──────── Extracted material ────────
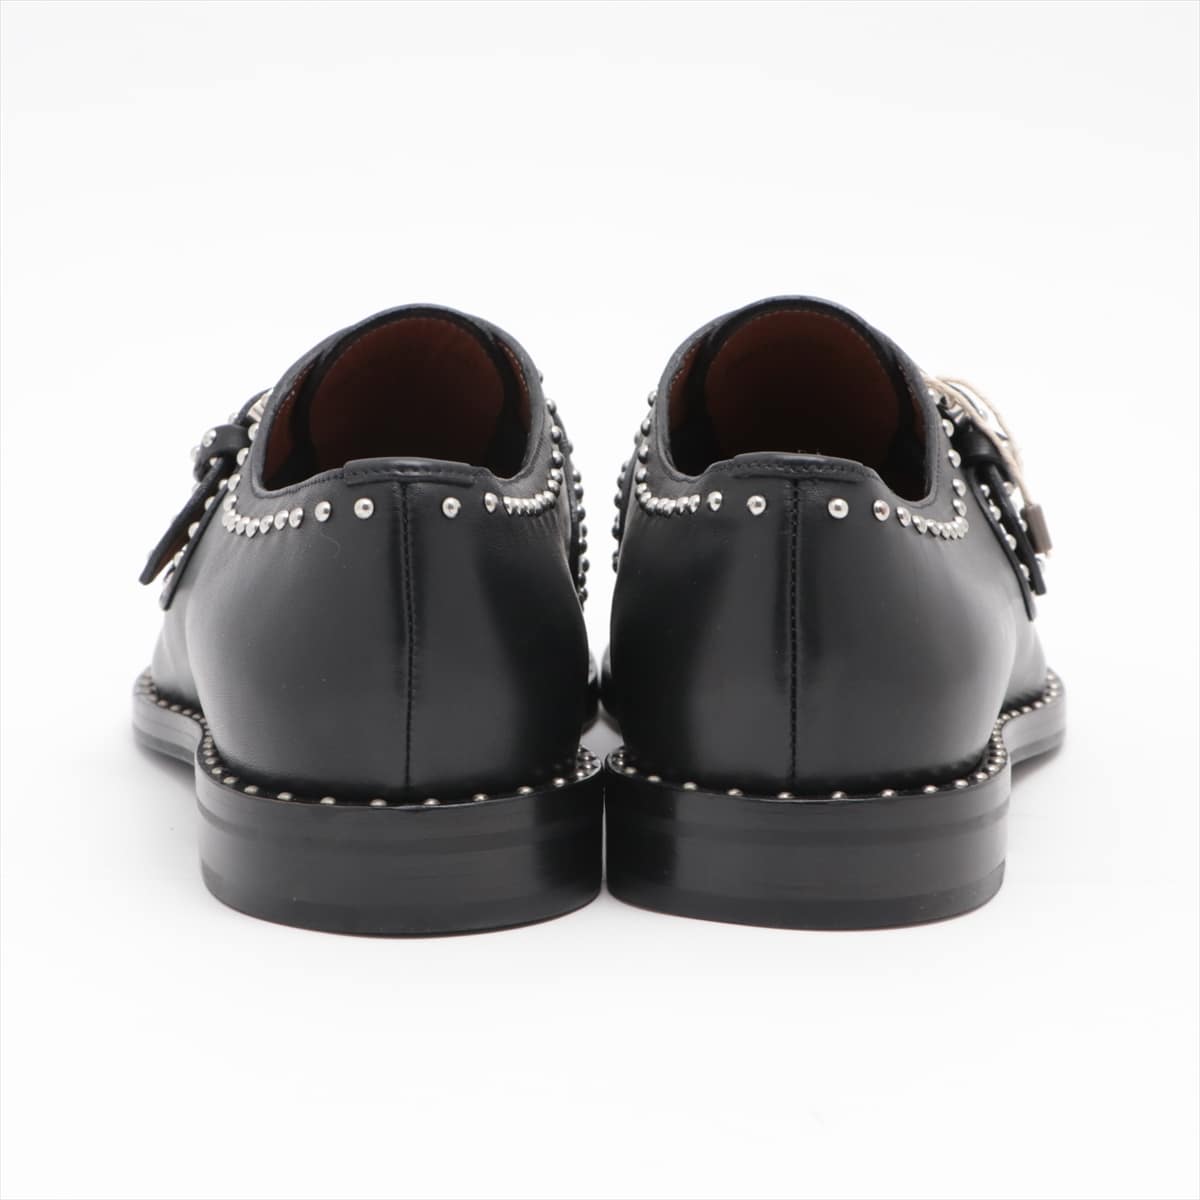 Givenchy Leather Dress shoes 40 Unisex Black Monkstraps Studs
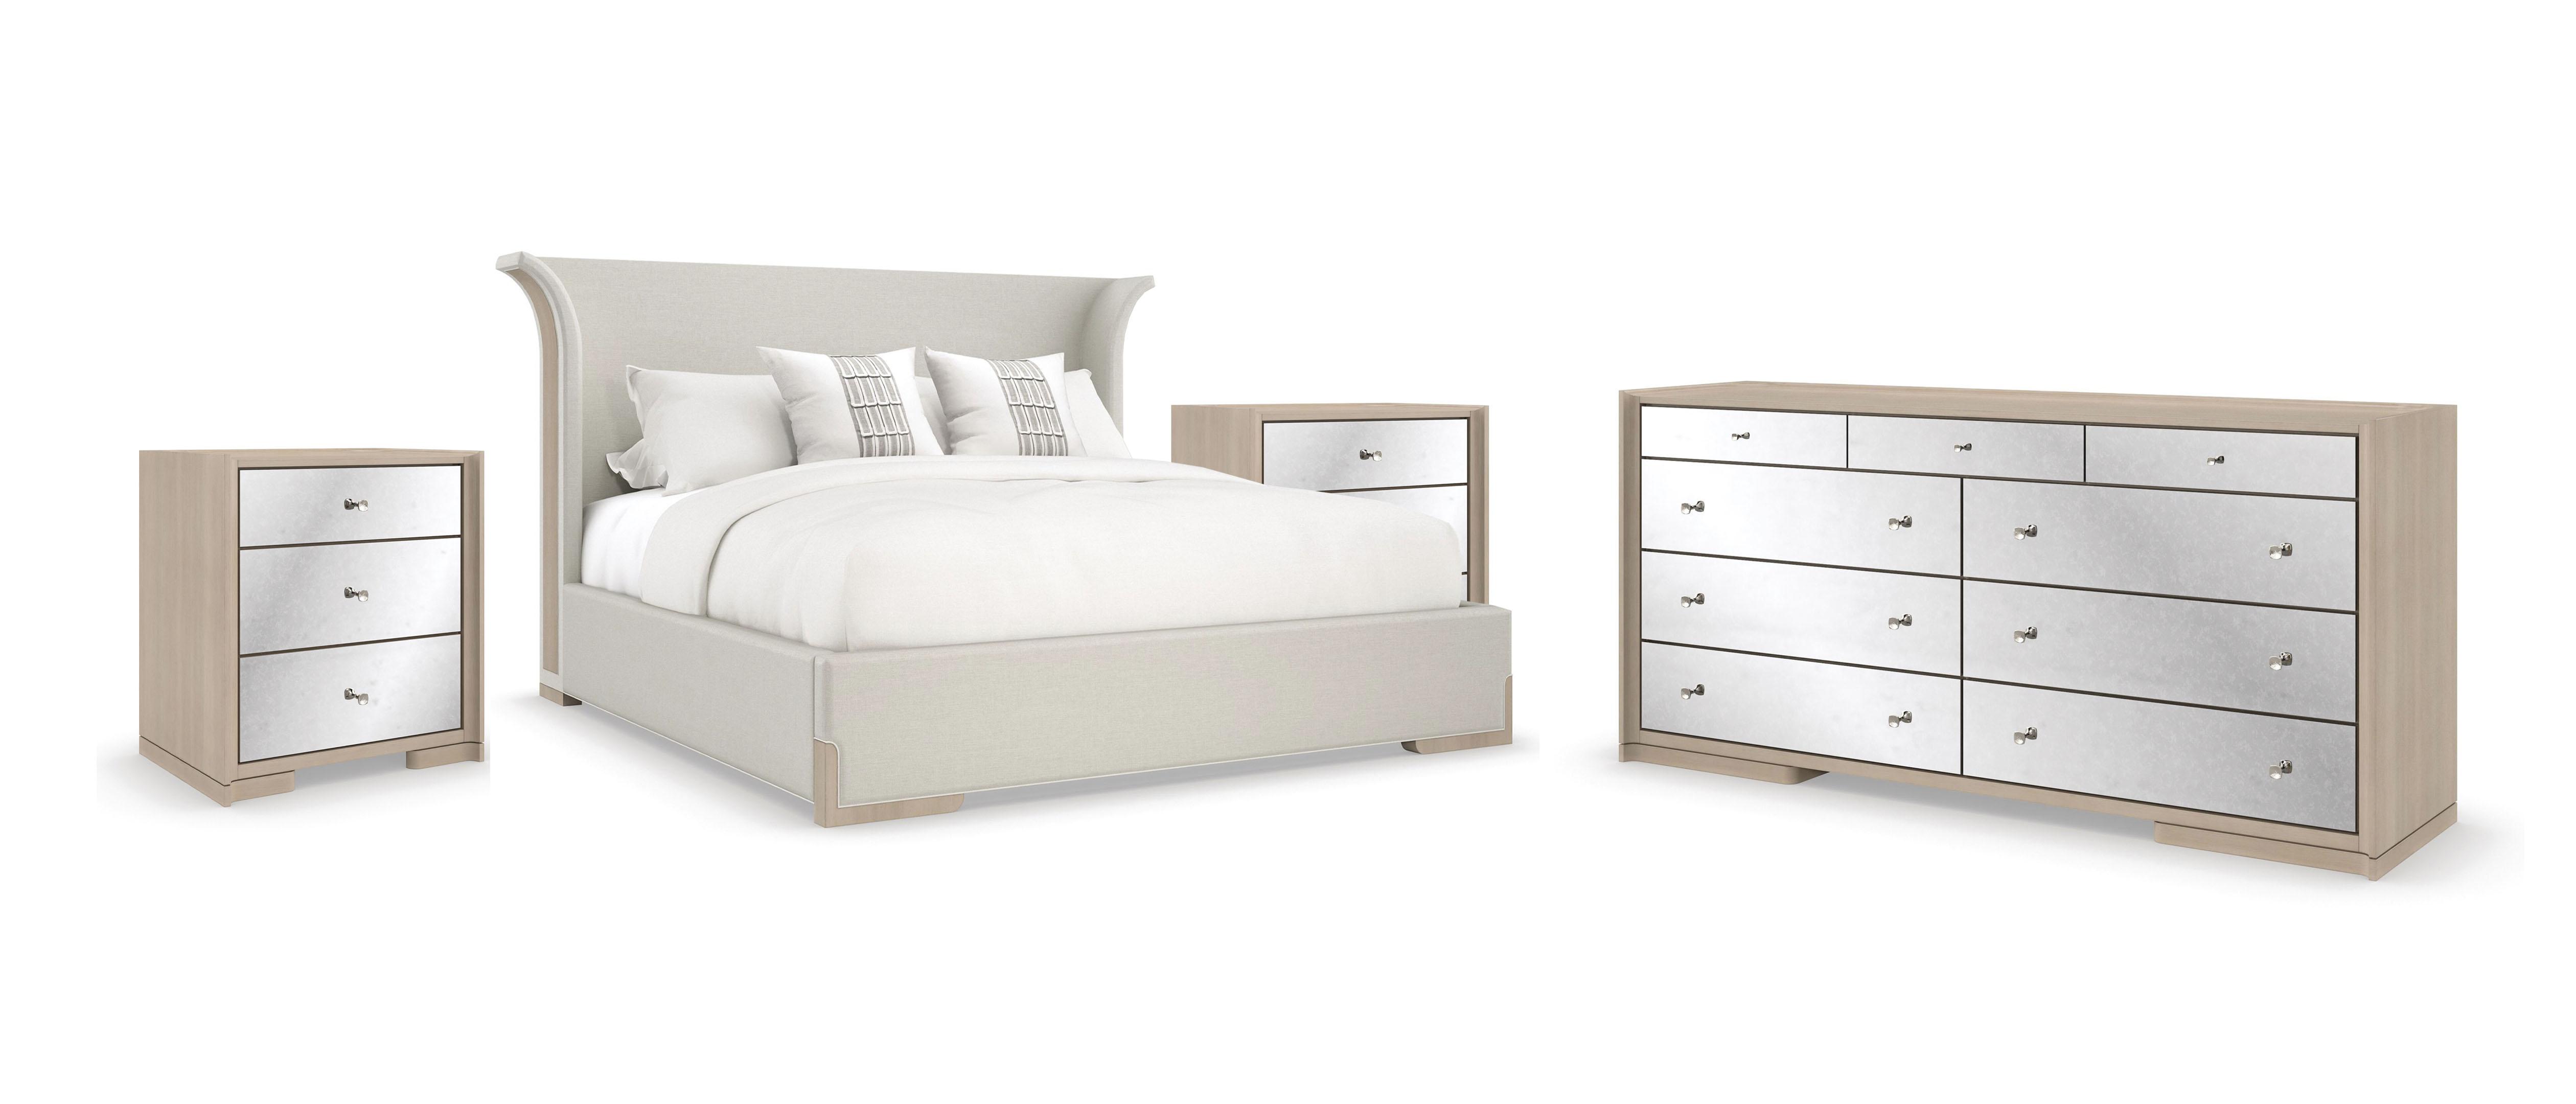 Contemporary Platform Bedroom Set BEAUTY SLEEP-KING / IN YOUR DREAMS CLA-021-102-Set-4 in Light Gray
────────
──────── Extracted material ────────
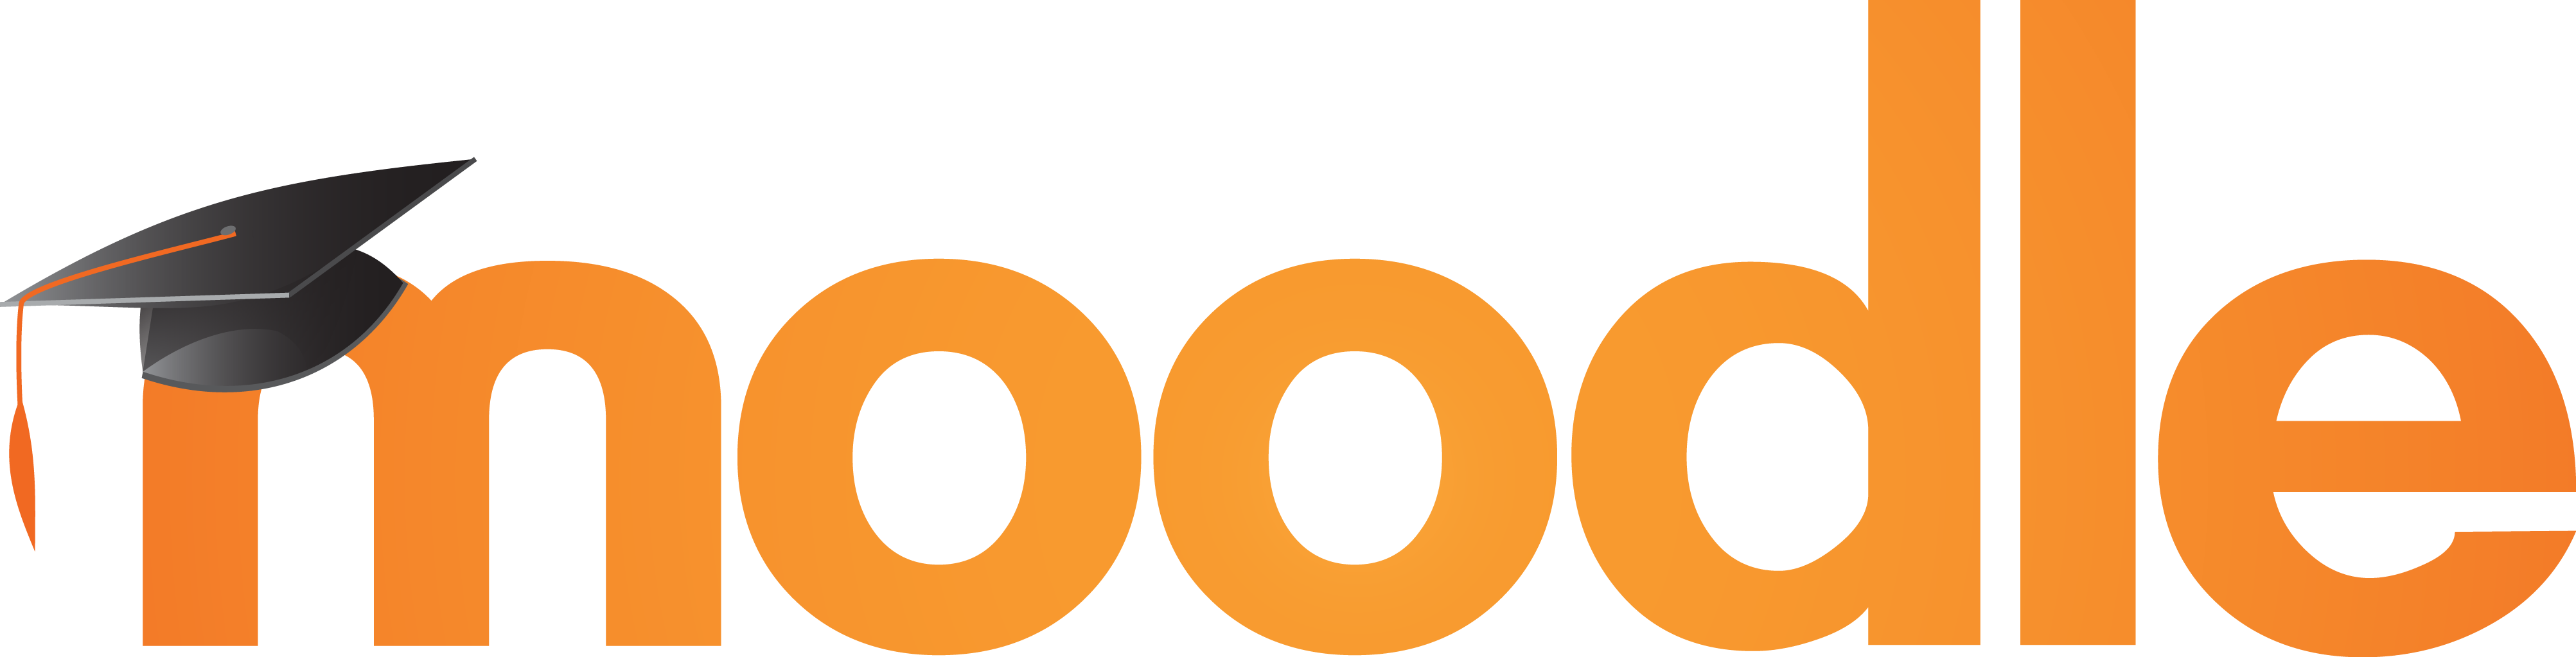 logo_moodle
────────
What the task asks: Your answer must be the lines above from the one holding "Givenchy Leather Dress" up to and including the one holding "Contemporary Platform Bedroom", exact and with no pictures.

Answer area:
 Givenchy Leather Dress shoes 40 Unisex Black Monkstraps Studs
 Contemporary Platform Bedroom Set BEAUTY SLEEP-KING / IN YOUR DREAMS CLA-021-102-Set-4 in Light Gray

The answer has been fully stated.